A UC Santa Barbara researcher has found a lot of different people who have found a lot of different gods, be it God, Allah, Buddha or Ramtha, a 35,000-year-old spirit warrior from Atlantis that J.Z. Knight of Tacoma, Washington claims to be inhabited by.
Published last December, J. Gordon Melton’s seventh edition of the Encyclopedia of American Religion documents the existence of over 2,000 religious groups throughout the world. Melton is the director of the Institute for the Study of American Religion, located in Santa Barbara, and adjunct research specialist at UCSB’s Dept. of Religious Studies. The most recent version of his book also contains documentation on several hundred currently defunct cults and religious groups.
Melton said he began his research on religions and cults of the world during the mid 1960s. The first two books he published listed a total of only 400 groups.
By the time he was in graduate school at Northwestern, Melton said he was able to double his previous list with new groups he had learned about. While attending the school, Melton began hanging around with counterculture-type people who invited him to attend their ritual practices. He said it was easy to dedicate himself to the study of the groups.
“Nobody else was doing it, so I decided that it was something I was going to do,” Melton said. “From then on, it became my life work.”
Melton also studies secret cults but tries not to betray their trust when writing about them.
“Most of the secret groups are not secret,” Melton said. “They want to establish contact. You just need to learn how to contact them. Nowadays it’s a lot easier due to the Internet.”
Not only a student of religion, Melton is a participant as an ordained minister of the United Methodist Church in Illinois. He has an office at the University United Methodist Church in Isla Vista, where he occasionally preaches.
Although he is an evangelical Christian, he said his views are objective when exploring other groups. Melton said he believes in religious freedom, but has never found any other religious group that was able to convince him enough to change his Methodist beliefs.
“When I write my books, I try not to report my own feelings,” Melton said. “That’s the best way. Just keep it to the facts.”
Melton said he is fairly conservative religiously and theologically, but not socially. He said everyone should be respected for their individual religious backgrounds.

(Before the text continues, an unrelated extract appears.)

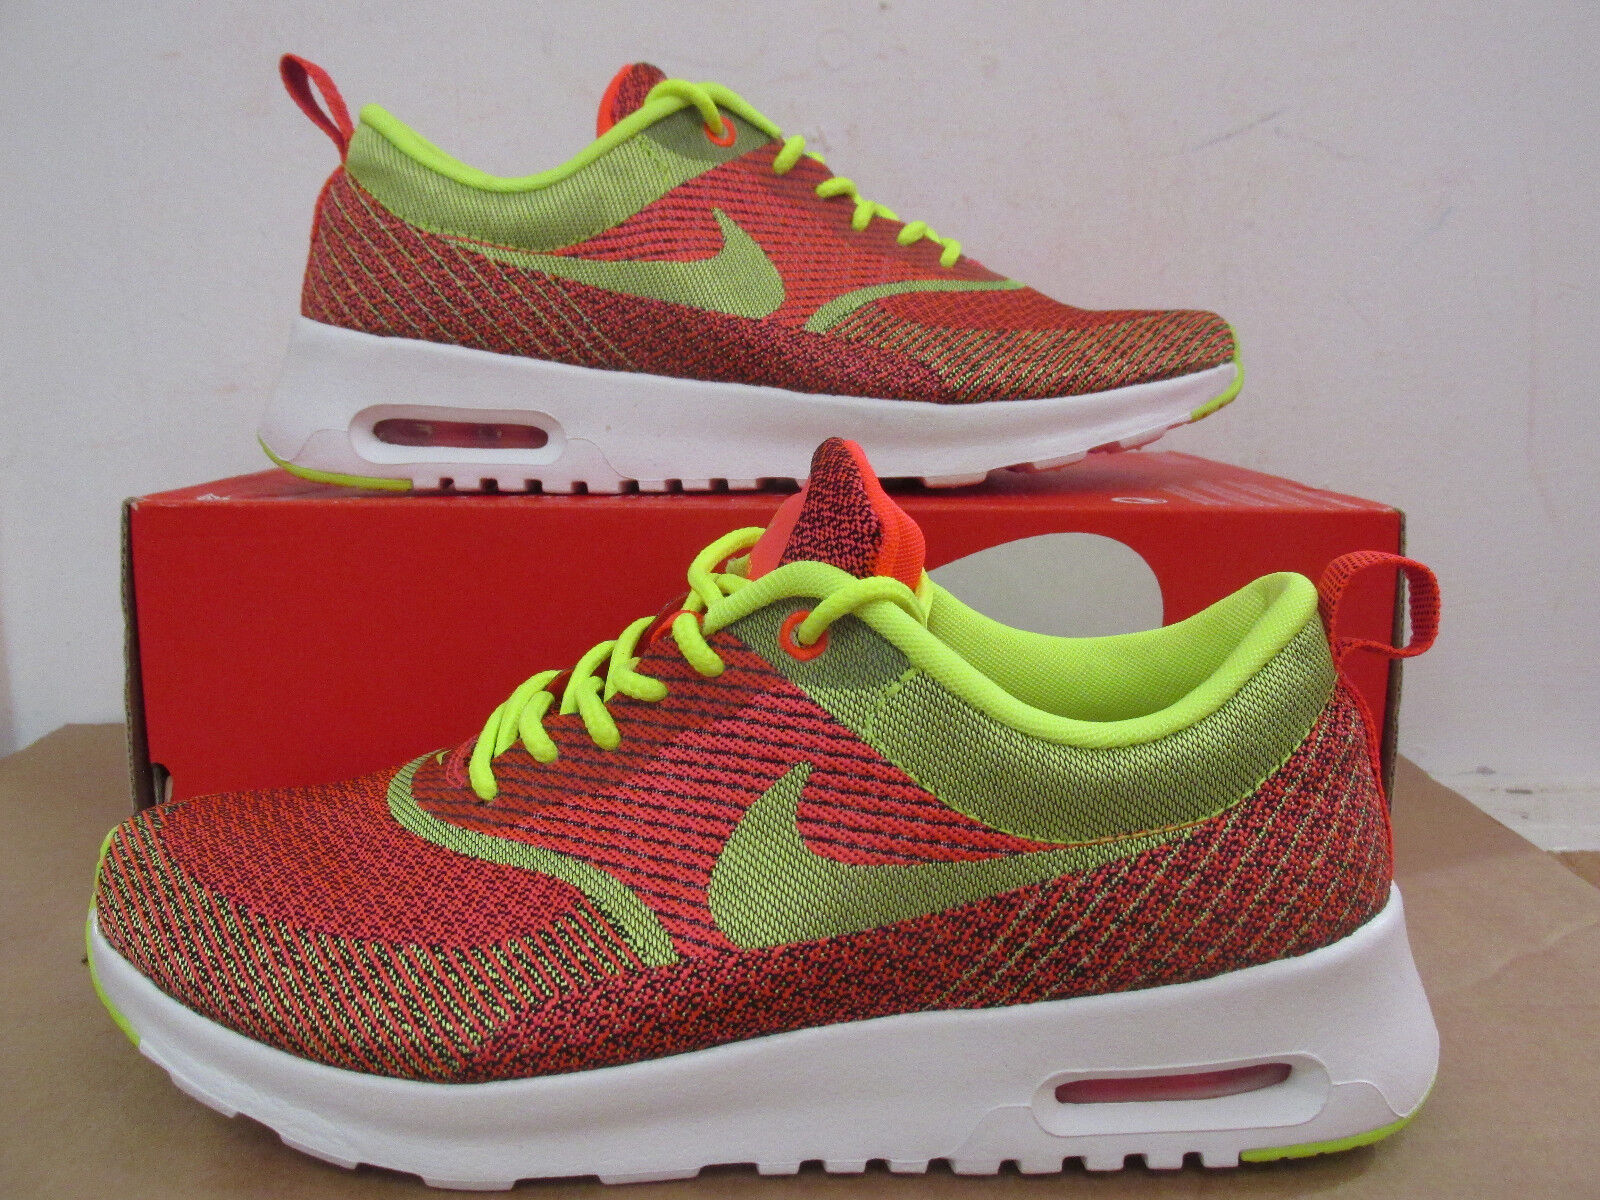 Para mujer Nike Air Max Thea JCRD Qs Zapatillas Correr Entrenadores 666545 607 Zapatillas Qs aclaramiento efdbd0

“As a religious scholar, my hope is that people will learn to honor other peoples’ traditions and values and live together without throwing rocks at each other,” Melton said. “Part of the rationale for doing this book is that any group is a minority religion, a small part of the whole. We need to learn to respect other people and honor their practices.”
Melton said many Christians, secular apologists and countercult professionals disagree with his work and often attack him.
The Christian website “Apologetics Index” calls Melton a “cult apologist,” and says many cults use his works “in their crusade against the anticult and countercult movements.”
Melton does not consider himself to be a controversial figure, but acknowledges that he has been involved in controversial topics. He specifically mentioned the misconception that cults were brainwashing people, an idea that originally tainted the public image of cults in the 1970s.
Another myth about cults is that they often commit mass suicide. Melton said there have actually been only three such incidents, with the mass suicide of 39 members of the Heaven’s Gate cult in San Diego in March 1997 being the most recent.
Beginning in the late 1960s, most social scientists stopped using the world “cult” in favor of the term “new religion.”
Melton is also known for defending cults such as the Aum Shinrikyo group. He was the first to write about the Aum before the group was connected with a sarin nerve gas attack on a Japanese subway station in 1995. After interviewing members of the cult, Melton and his colleagues believed that if the group committed the attack, they did it at the urging of their leaders rather than for religious reasons.
Melton said he has written around 35 books and built a collection of nearly 50,000 volumes and 25 filing cabinets’ worth of materials that he has collected during his studies. Melton brought all of his materials with him to UCSB, and they are stored in the special collections office, located on the third floor of Davidson Library, where they may be viewed by students.
He said he continues to travel and discover more religious groups, though each group reacts differently to his curiosity.
“A few cults don’t want anyone to write about them, but most of them want to be revealed. Some groups can care less,” Melton said.
Melton will be teaching a class called “New Religions” at UCSB this summer.